Former English footballer and commentator

Donald Ralph Goodman (born 9 May 1966) is an English former professional footballer who played as a striker.

His professional career spanned for nearly 20 years, during which he played nearly 600 Football League games and scored 162 goals.

==Career==
Born in Leeds, Goodman played for Bradford City, West Bromwich Albion, Sunderland, Wolverhampton Wanderers, Sanfrecce Hiroshima, Barnsley, Motherwell, Walsall, Exeter City, Doncaster Rovers and Stafford Rangers.

He trialled with Bradford City as a teenager, whilst playing non-league football with Collingham and working as an electrician with Leeds City Council. Bradford City offered him an apprenticeship, which he turned down in favour of a non-contract deal.

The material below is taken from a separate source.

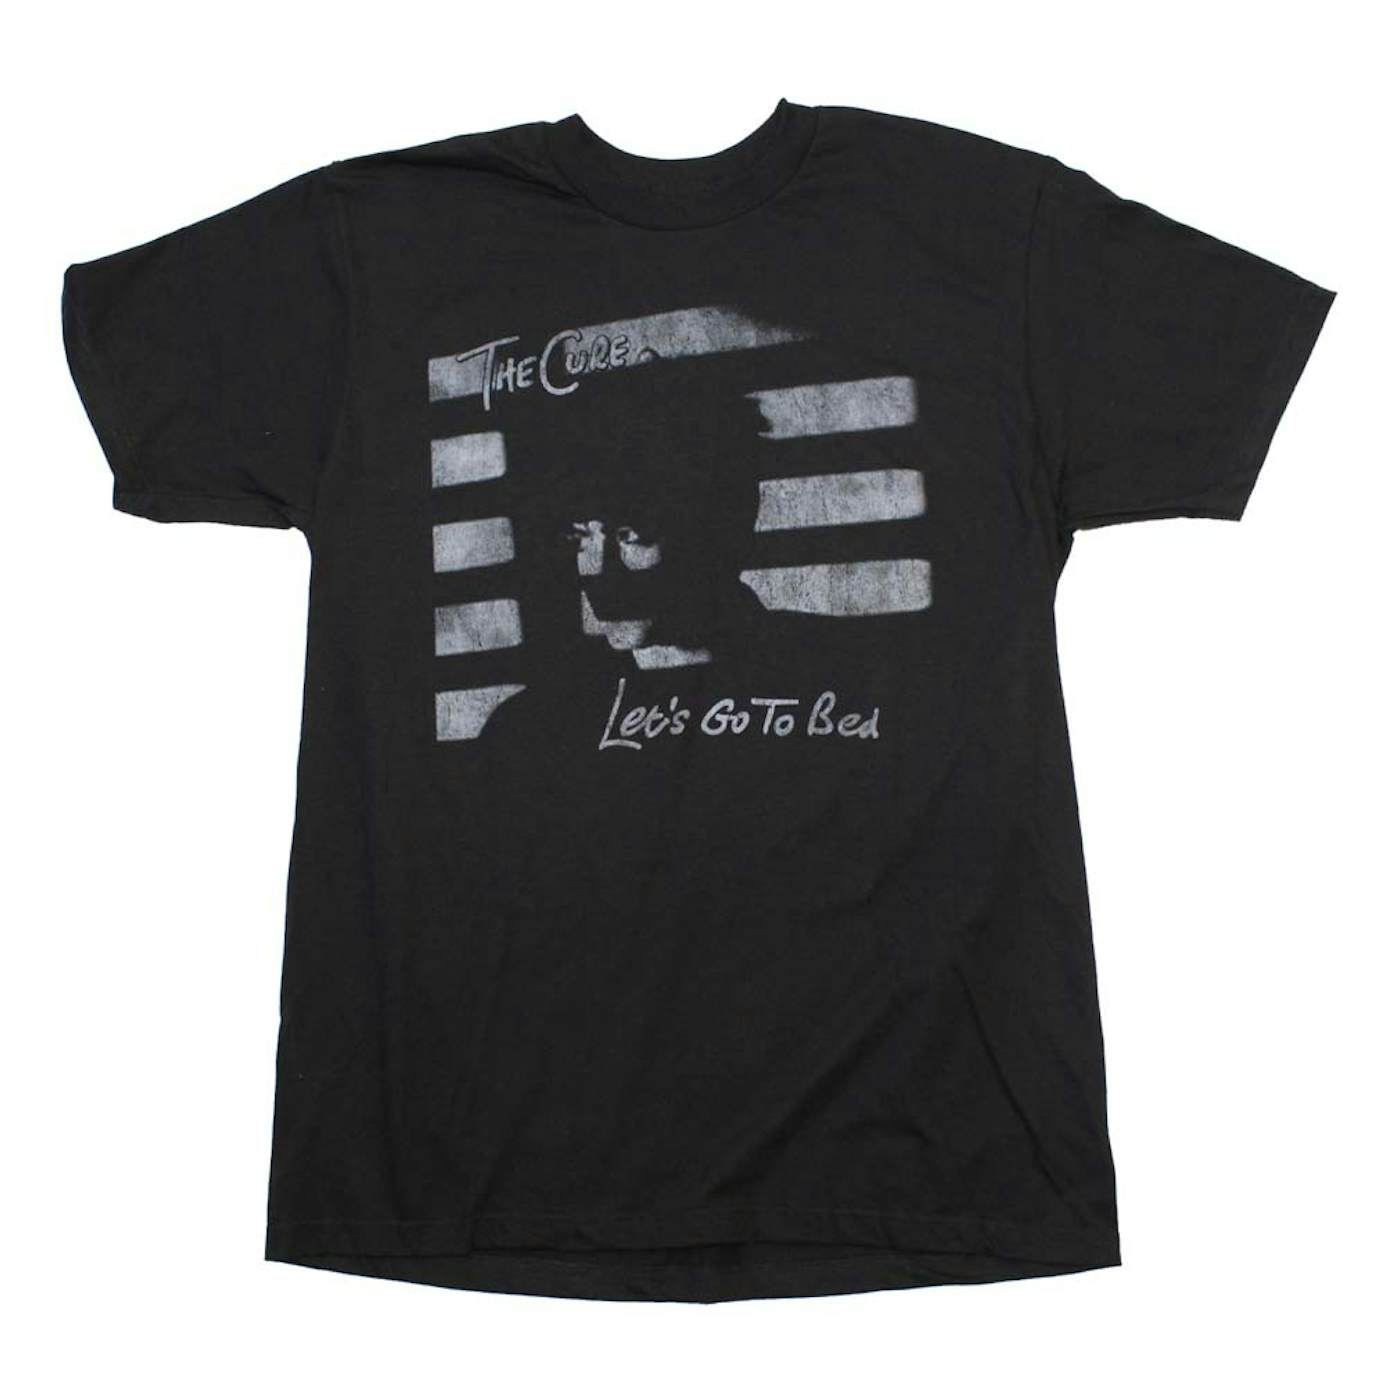 The Cure T Shirt | The Cure Let's Go to Bed T-Shirt

He made his senior debut in May 1984, aged 17, and was still working as an electrician. He turned professional with the club that summer, but was allowed a day off every week for college.

At the age of 18, in November 1984 he scored a hat-trick for Bradford City within 7 minutes of coming on as a substitute in an FA Cup game against Tow Law Town.

On 11 May 1985, his girlfriend died in the Valley Parade fire disaster. He was playing for Bradford in that match, as the team won promotion as Third Division champions.

He was Sunderland's record signing in December 1991 when he was signed from West Bromwich Albion, the last signing of manager Denis Smith, who was sacked later that month. Goodman was cup-tied for Sunderland's run to the 1992 FA Cup Final.

Goodman joined Walsall in March 2001. At the end of that season Walsall were promoted via the play-offs and Goodman scored one of the goals in the final as they beat Reading.

As of April 2020 he was working as a football commentator for Sky Sports.